Paint the exterior and interior of wooden containers; if you don't, they will eventually rot after a few years, Cox says. Alternatively, line a box with black plastic, piercing the plastic above the drainage holes.

Clay, such as terra cotta, won't rot, Cox notes, but remember that its substantial weight can make it difficult to move. If you're putting terra cotta pots in a window box, you'll need to provide a sturdy frame to connect the window box to the house.

* Soil matters: Choose a good-quality, fast-draining potting soil, Creasy advises.

* Room to grow: Don't cram herbs in too tightly, Cox says. "Give them a little elbow room because that really translates into root room and a healthier plant."

* Sun and nutrients: Most herbs require full sun, although several (mints, for example) can handle some shade.
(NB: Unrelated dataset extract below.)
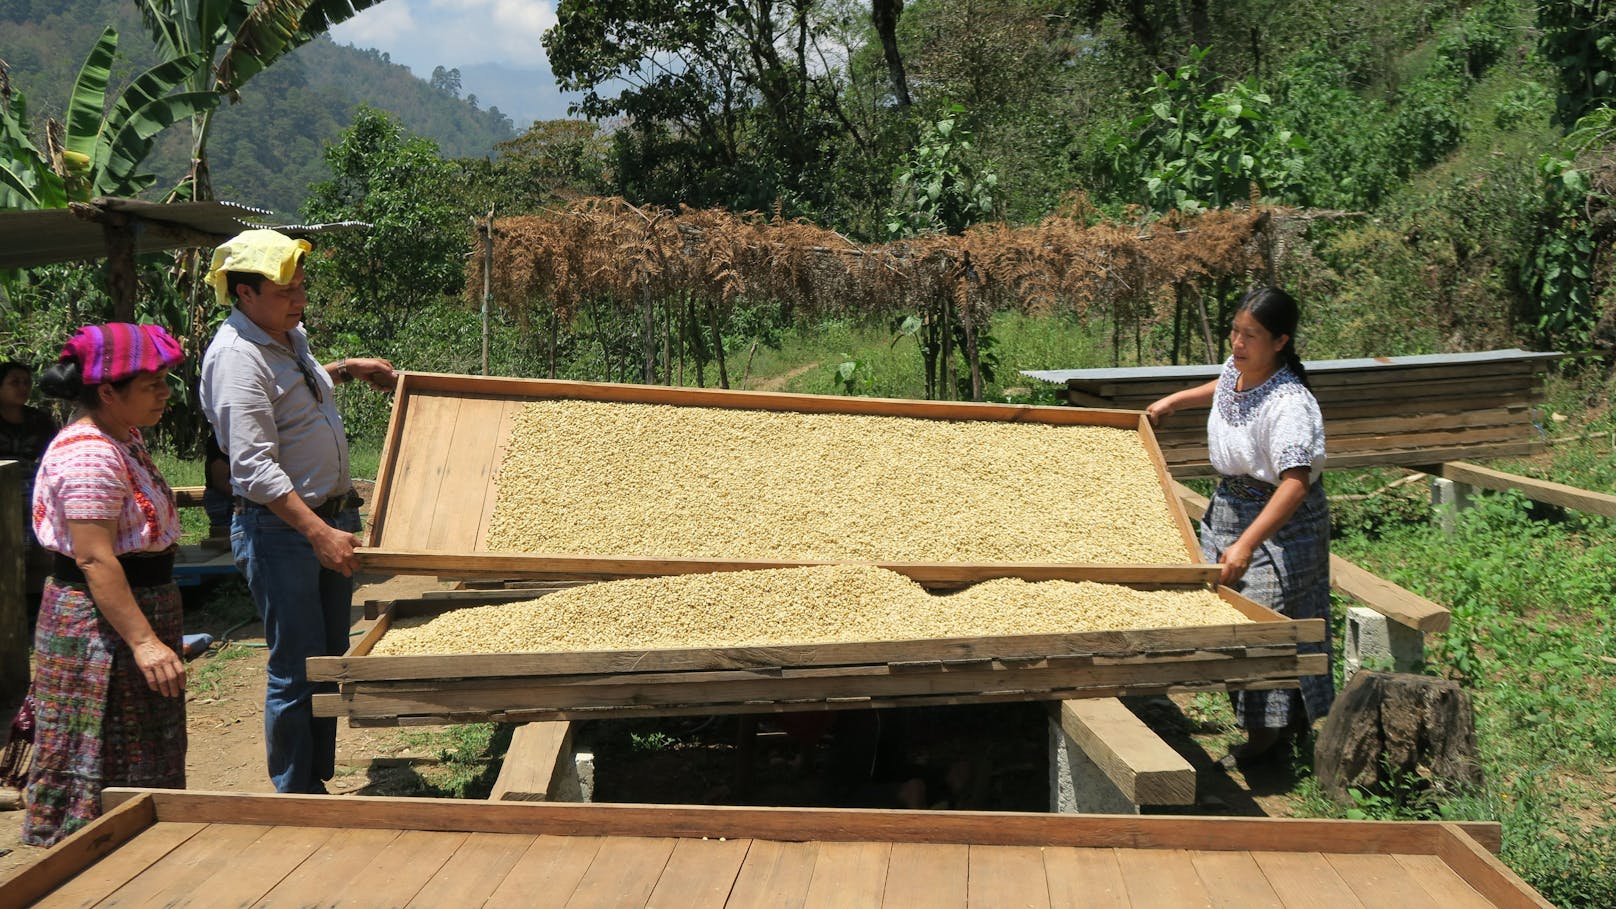 Qbo bringt eine limitierte Kaffee-Edition aus Guatemala auf den Markt.

Pay attention to their growing needs, especially if they will be in one place (like a window box) for the entire season.

Creasy recommends using a good-quality, organic slow-release fertilizer, but, unlike plants grown for their flowers, herbs grow quite well without any fertilizer.
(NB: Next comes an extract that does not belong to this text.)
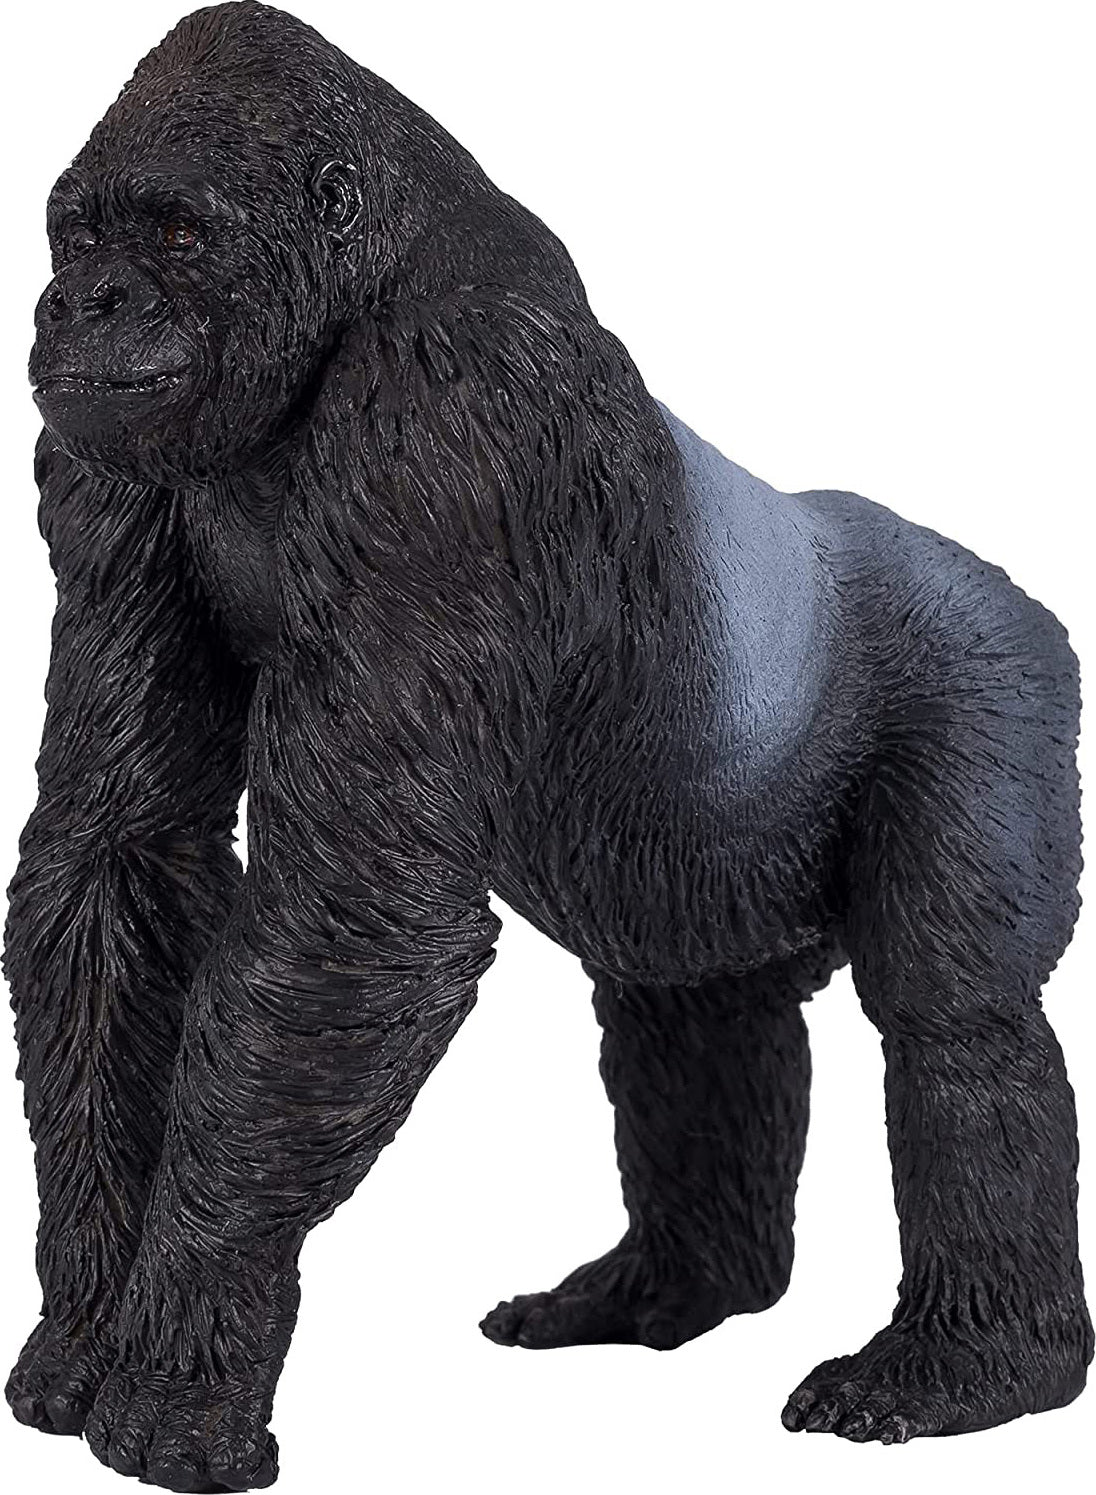 Gorilla (Silverback, walking)

Because the soil in containers dries out quickly, plants may need daily watering, especially when it's hot outside.

* Snip away: One of the biggest benefits of growing herbs is that they love to be used — so don't be afraid to snip them. Herbs in containers especially benefit from constant harvesting, Cox writes, which also keeps plants under control in their restricted space.

If you go

herb day

What: Celebration of herbs, with information, seminars, sales, food

Where: Extension Center, 21st and Ridge Road

When: 7 a.m. to 2 p.m. today

How much: Free

Herb Day will be from 7 a.m. to 2 p.m. today at the Sedgwick County Extension Education Center, 21st and Ridge Road.

Plant vendors will have herbs and other plants and garden-related items for sale, and the Kansas Grown Farmers Market will be open in the parking lot. The master gardeners will have a plant sale, and an herbal brunch will be available. There will be an activity for children to take part in, and a garden magazine sale as well.

Here is the schedule of seminars:

In the Sunflower Room:

* 8 a.m., cooking with dill

* 9 a.m., drying/preserving herbs and canning pickles

* 10 a.m., cooking and baking with dill, by master chef Chris Miller and dietitian Paula Miller

* 11 a.m., butterflies, caterpillars and host plants

* Noon, "Confessions of a Crazy Bread Maker"

In the Demonstration Garden:

* 10:30 a.m., composting: the black gold of the garden

In the Meadowlark Room:

* 8:30 a.m., On the Herbal Hunt

* 9:30 a.m., Herbs and More at Cowtown

* 10:30 a.m., meet for a tour of the arboretum on the grounds

* 11:30 a.m., making and planting a seed ball

* 12:30 p.m., herbal infusions and more.